I miss albums. Not just my once-massive CD collection, but records. I miss their size. I miss holding a new acquisition, studying its cover, wondering who the other characters are (Actors? Friends of the artist? I’m thinking Kenny Rogers’ The Gambler, Billy Joel’s Turnstiles…storytelling albums). I miss staring at that image as the songs played through once, twice, twenty times, searching for nuance and familiarity in the colors, archetypes, composition, perspective, angle.
Because a new album wasn’t just about the music. It was about the entire aesthetic; it was a window into the heart, mind, and psyche of the band, the artist, the songwriter. From there, I could imagine what their book collection looked like, what their favorite color was, where their favorite morning walk would take place, whether they were a coffee/tea/or cocktail kind of person, whether they liked crowds or the relative silence of an instrumental friendship.

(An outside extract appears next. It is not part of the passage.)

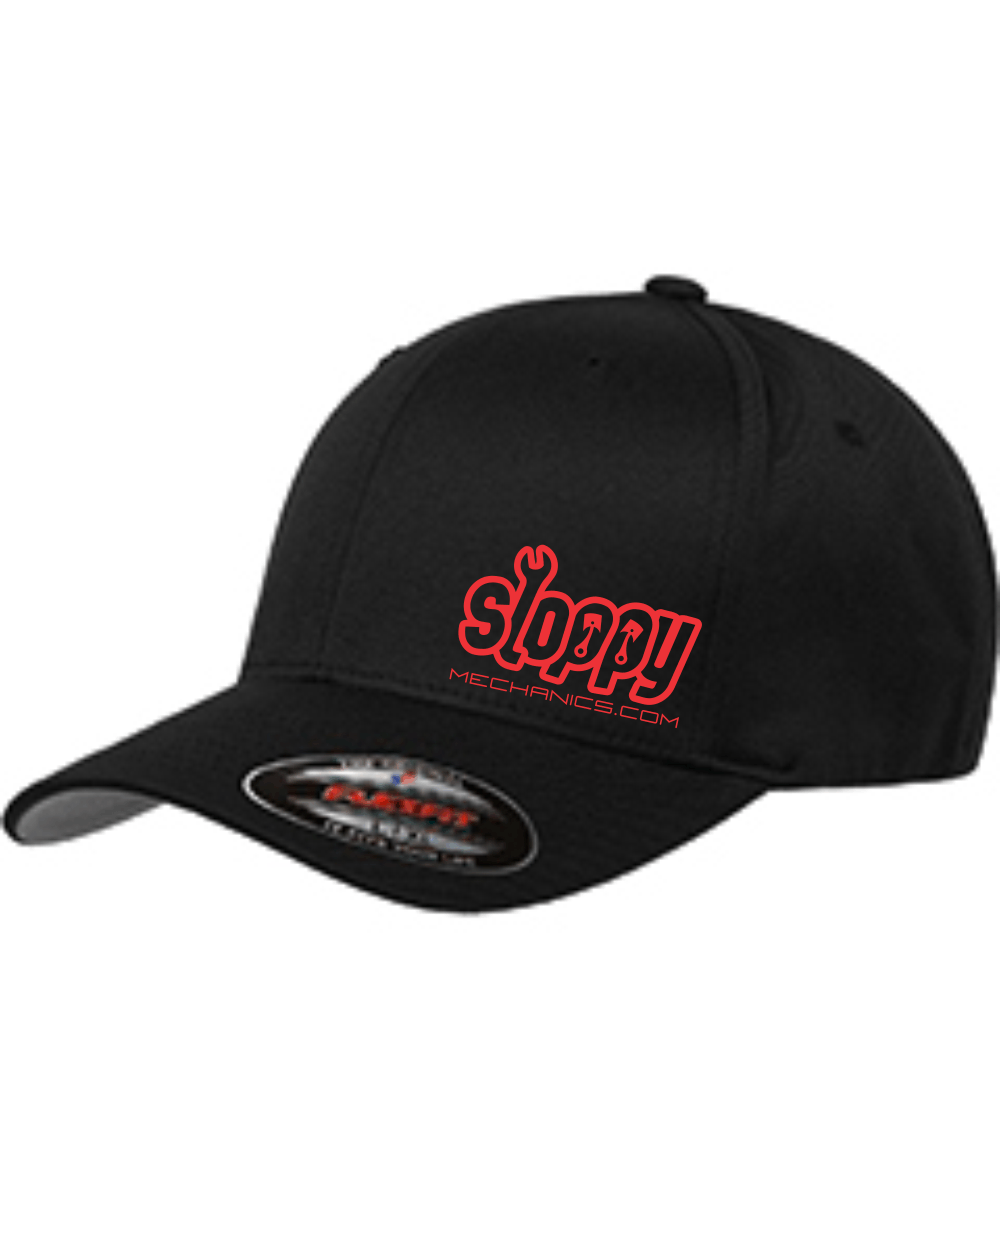 Sloppy Mechanics Red Logo Adult Flex-fit Hat

I miss that community. I miss the physical act of putting a record on a machine, the necessity of getting up, deliberately making the decision to replay a song, and the scratches that would accompany a well-loved track.
I miss the intimacy I felt opening a new album, finding a spot for it on the shelves—everything about it was just so…pleasing. Tactile. Non-plastic (in every sense of the word). It was real. It was, arguably, even more real than being there in person, and certainly more real than the digital alternatives.
So here we are. Again. And here I am. Again. Arguing for the tactile, for the old-fashioned, for the once-upon-the-time, for the nostalgic, for the life I never had but remember.